> _Task description_: Leaving out pictures, output exactly the lines below from the one that has "Mercedes-Benz E250 2014" through the one that has "بنر-ارمنستان-بهروزسیر", and nothing else.

───── Data excerpts ─────

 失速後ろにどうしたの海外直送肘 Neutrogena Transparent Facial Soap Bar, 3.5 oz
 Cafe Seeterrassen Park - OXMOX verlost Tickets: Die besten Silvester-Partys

─────
───── Data excerpts ─────

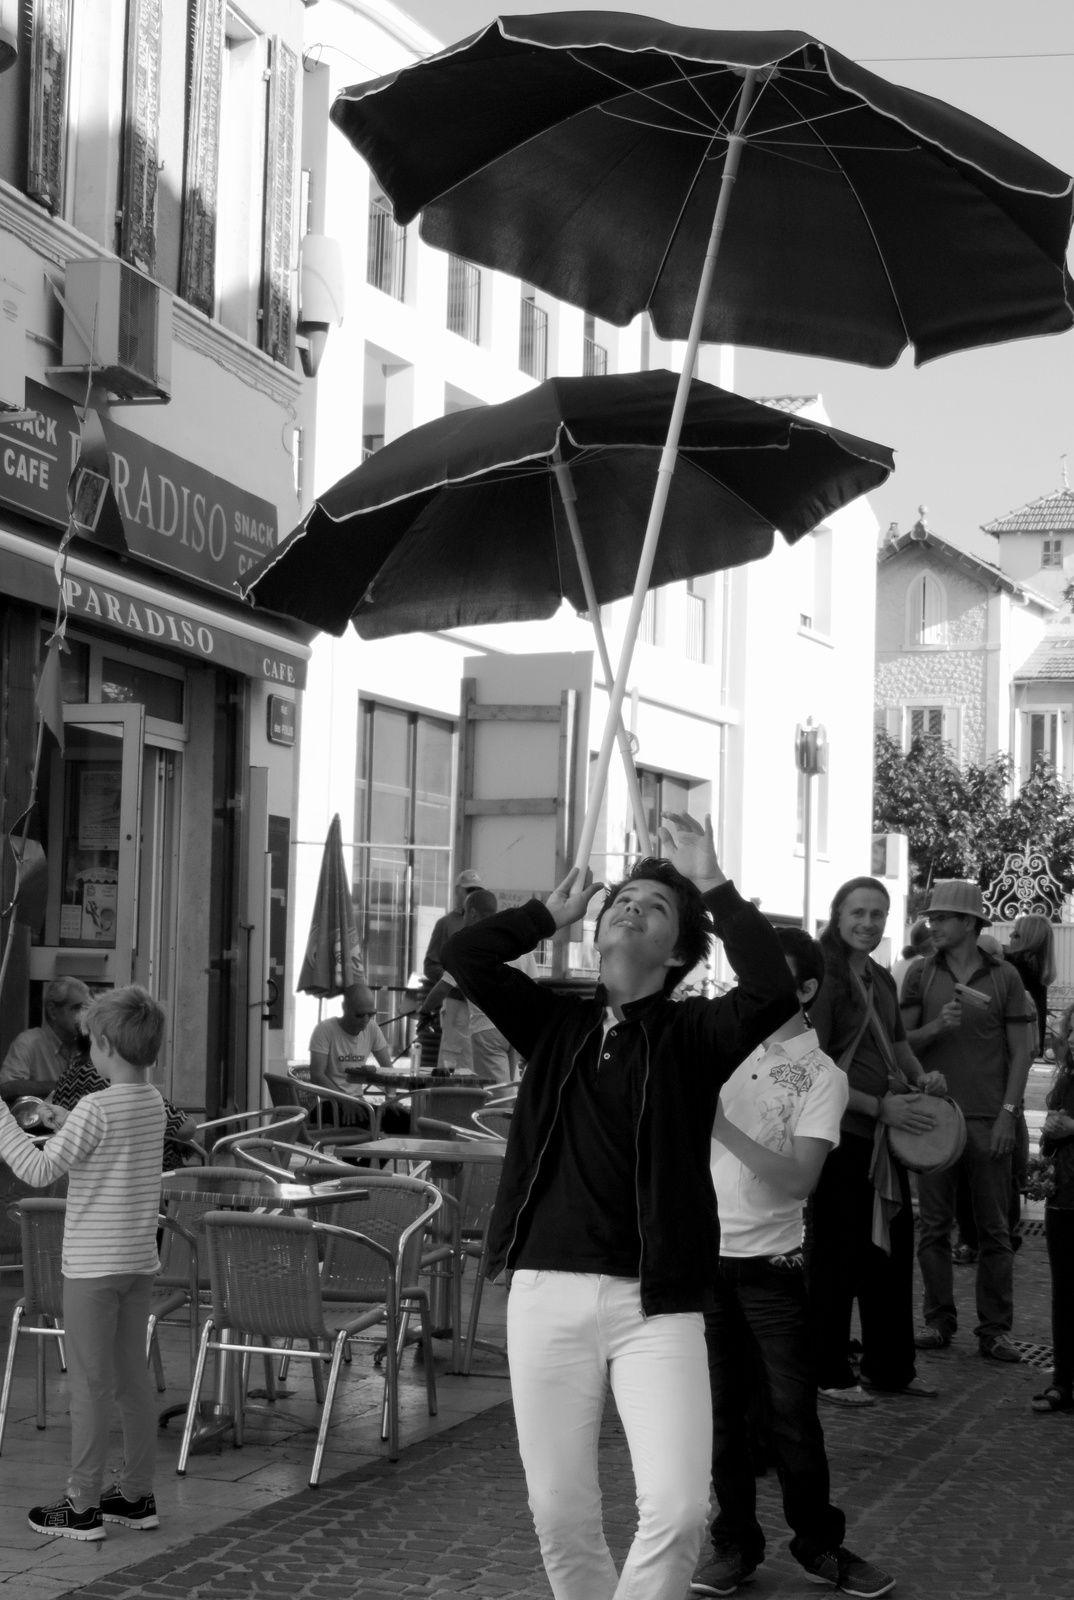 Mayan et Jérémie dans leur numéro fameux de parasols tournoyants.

─────
───── Data excerpts ─────

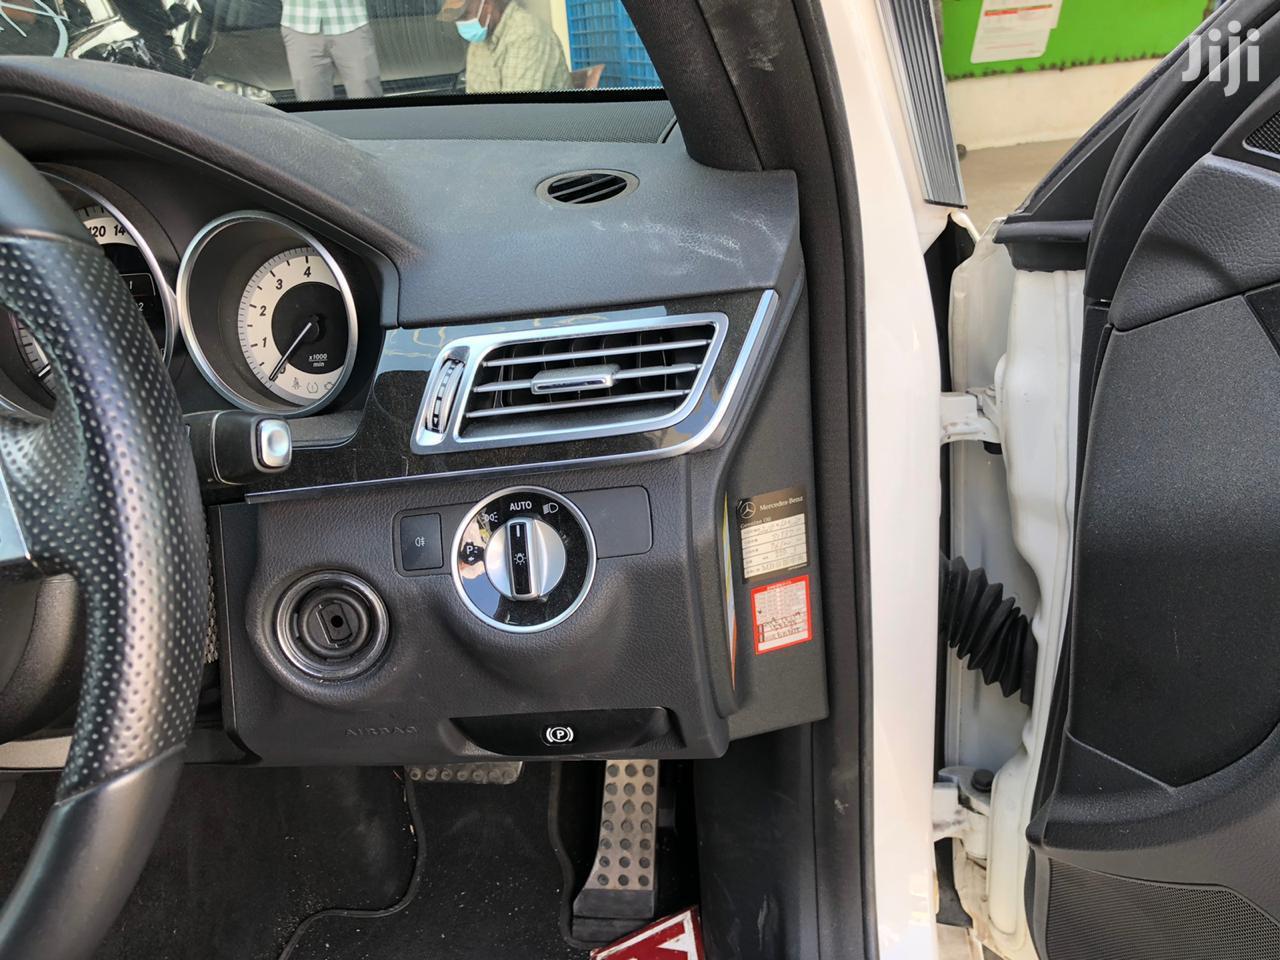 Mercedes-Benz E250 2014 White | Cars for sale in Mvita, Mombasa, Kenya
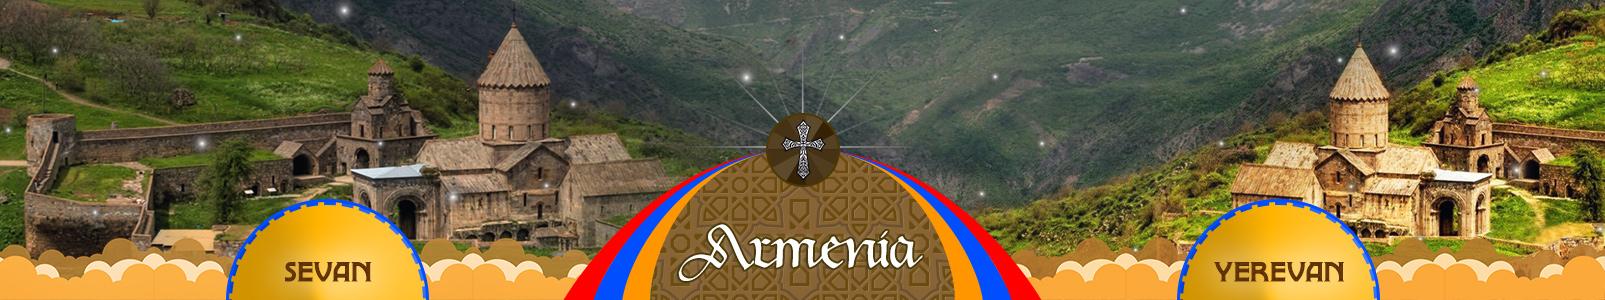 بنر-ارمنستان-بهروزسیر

─────

> _Written response_:
 Mercedes-Benz E250 2014 White | Cars for sale in Mvita, Mombasa, Kenya
 بنر-ارمنستان-بهروزسیر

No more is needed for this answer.